**Information provided**
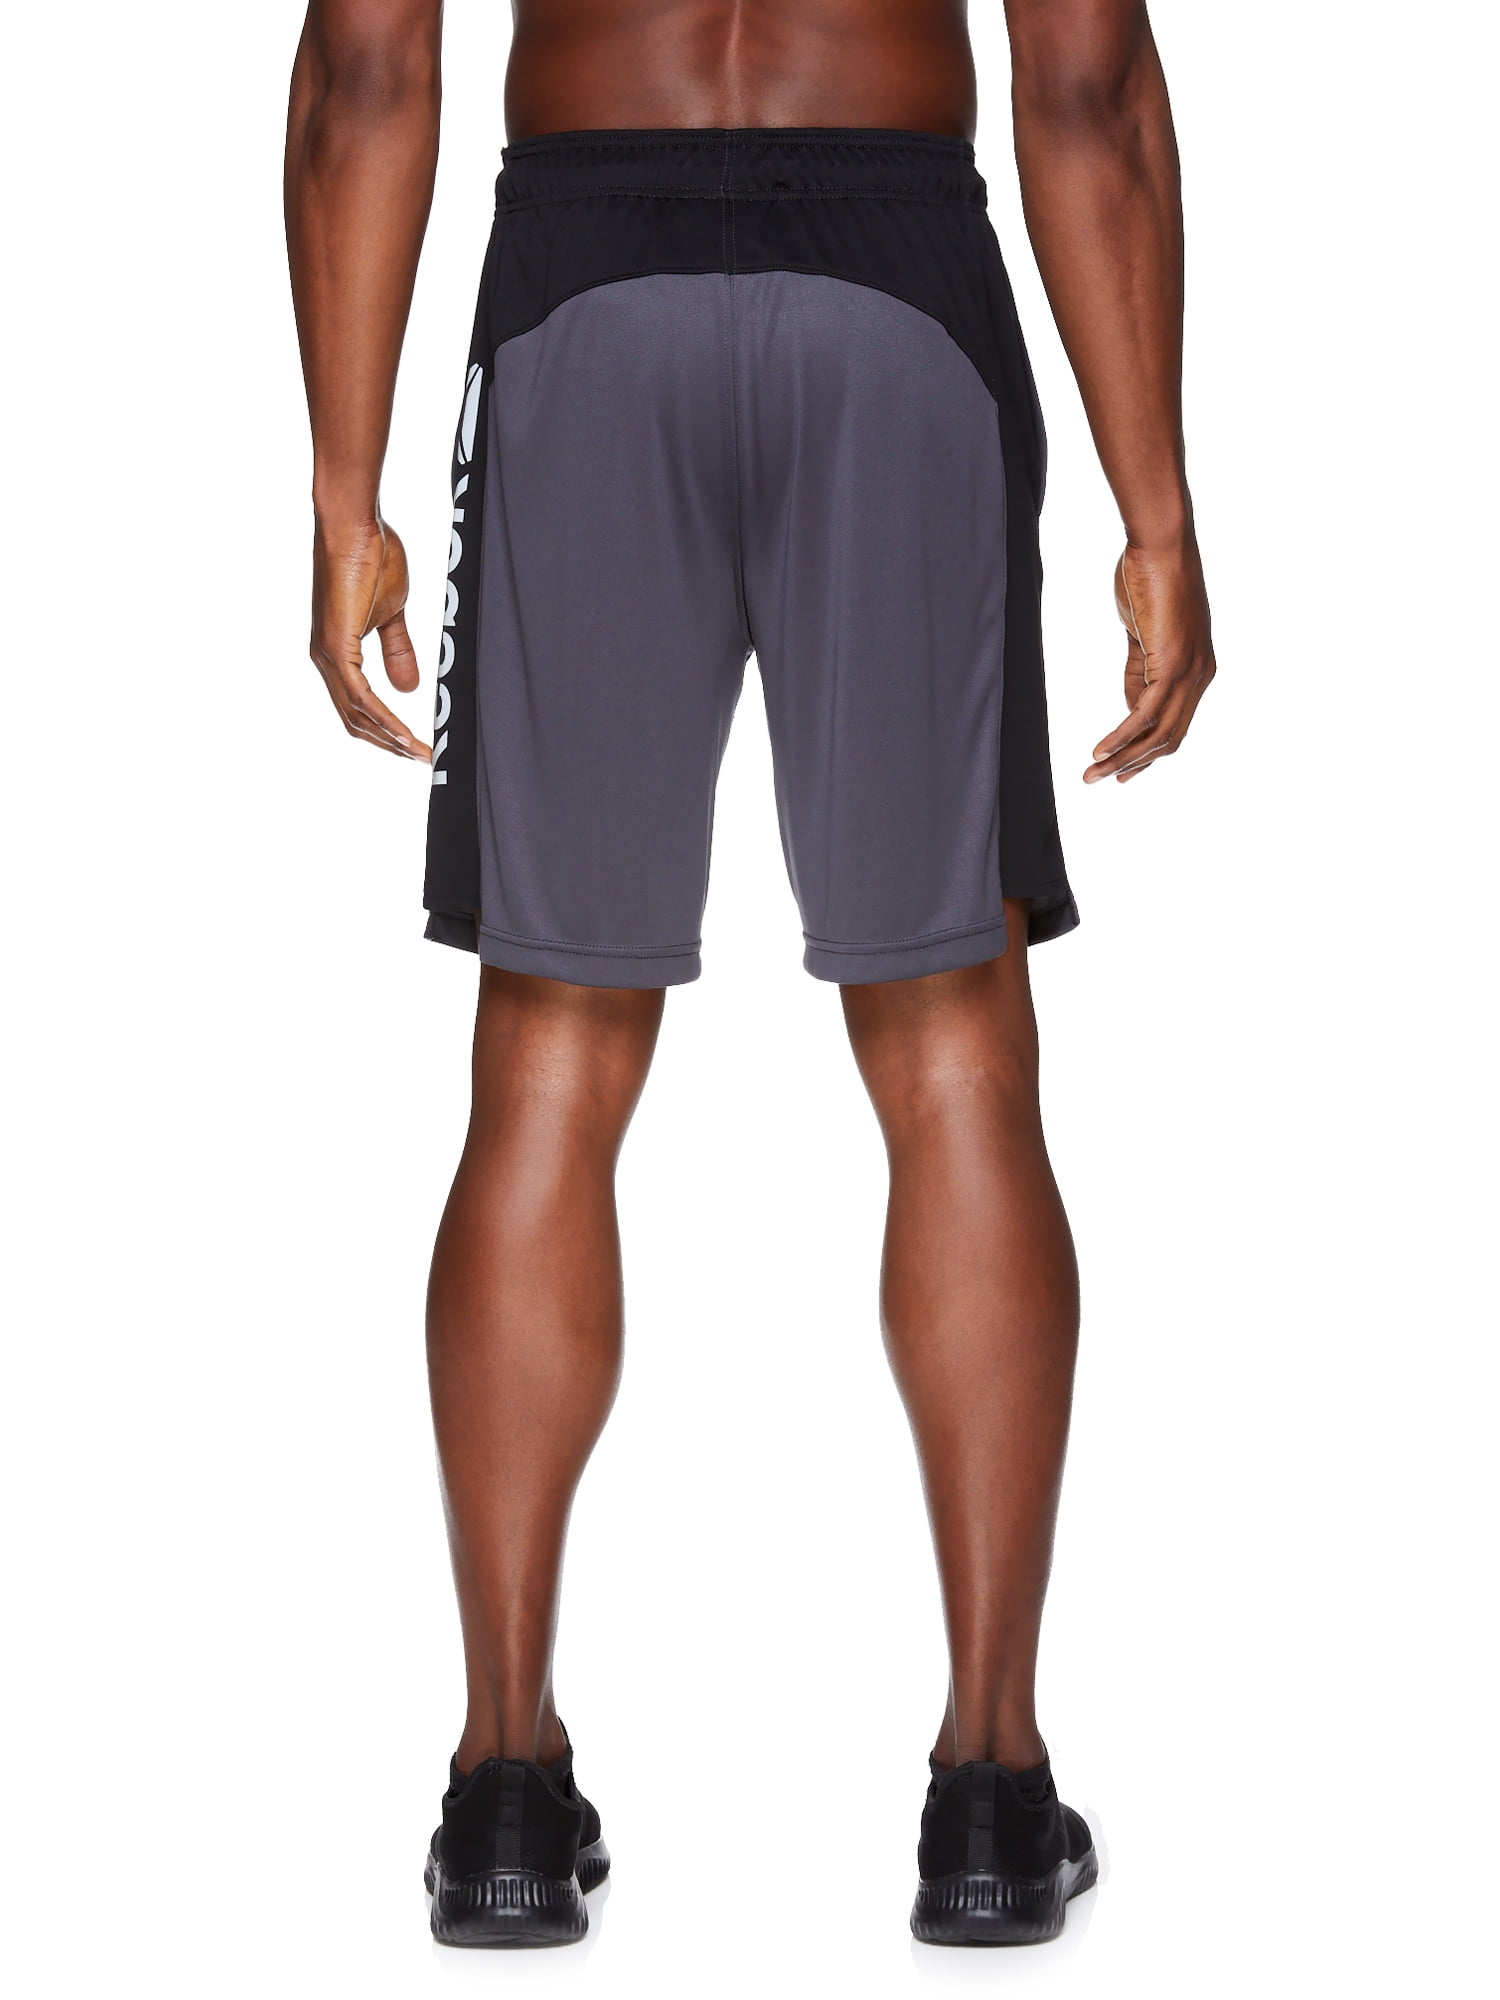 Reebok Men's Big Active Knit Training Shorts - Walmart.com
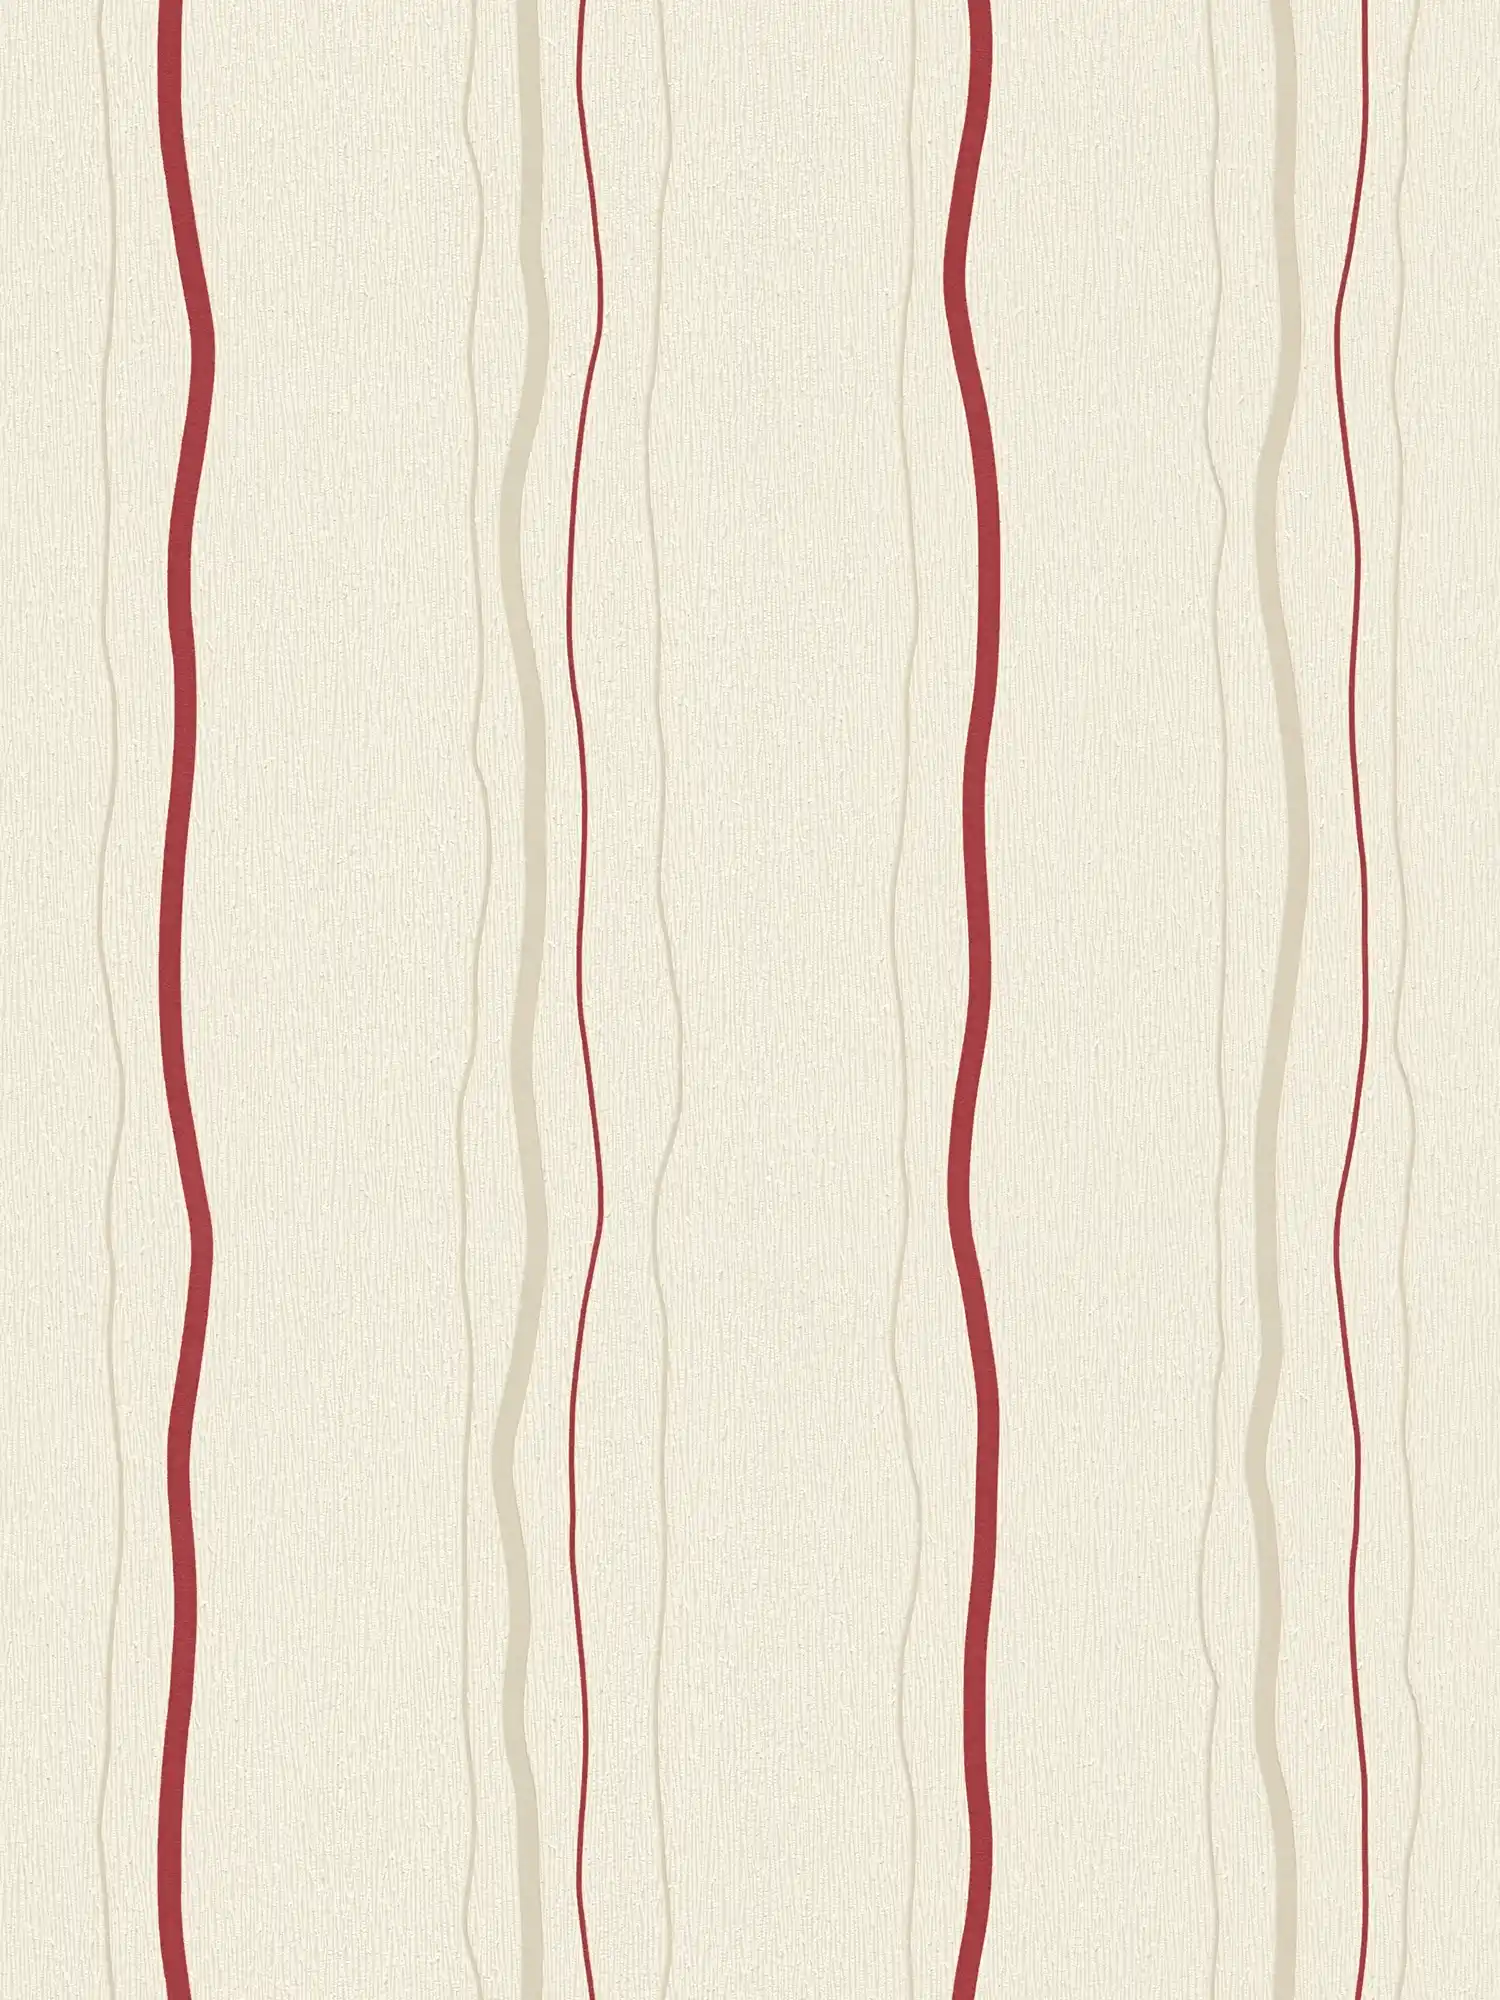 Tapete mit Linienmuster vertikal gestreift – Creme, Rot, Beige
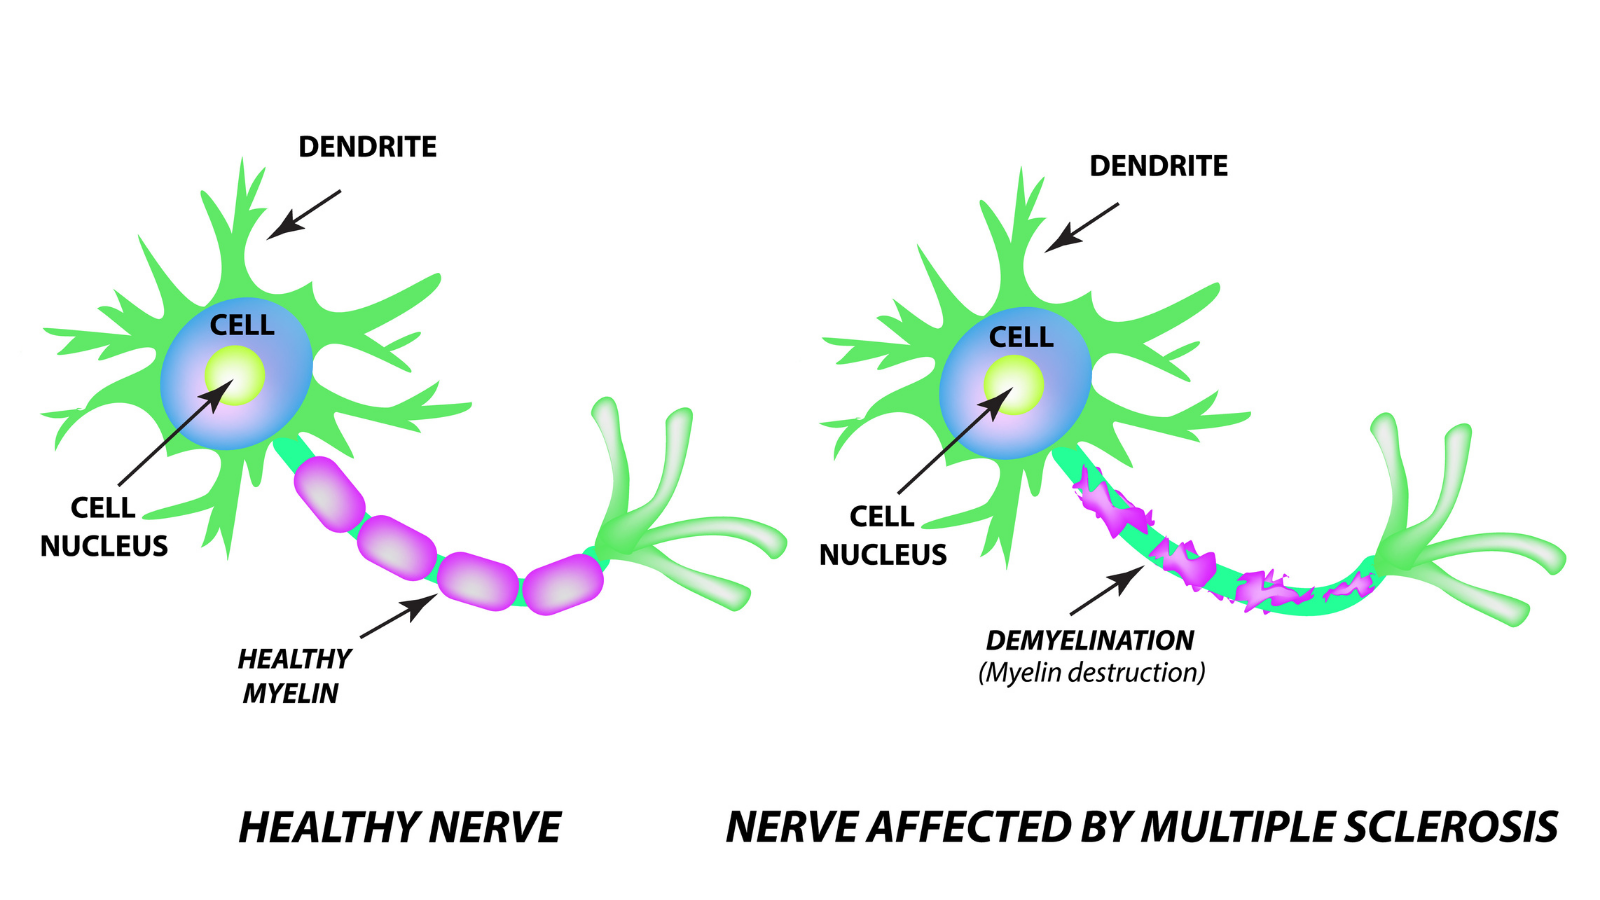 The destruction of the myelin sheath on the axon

**Exercise requirements**
An exact copy of the listing is required, excluding any pictures.

**Written answer**
 Reebok Men's Big Active Knit Training Shorts - Walmart.com
 Tapete mit Linienmuster vertikal gestreift – Creme, Rot, Beige
 The destruction of the myelin sheath on the axon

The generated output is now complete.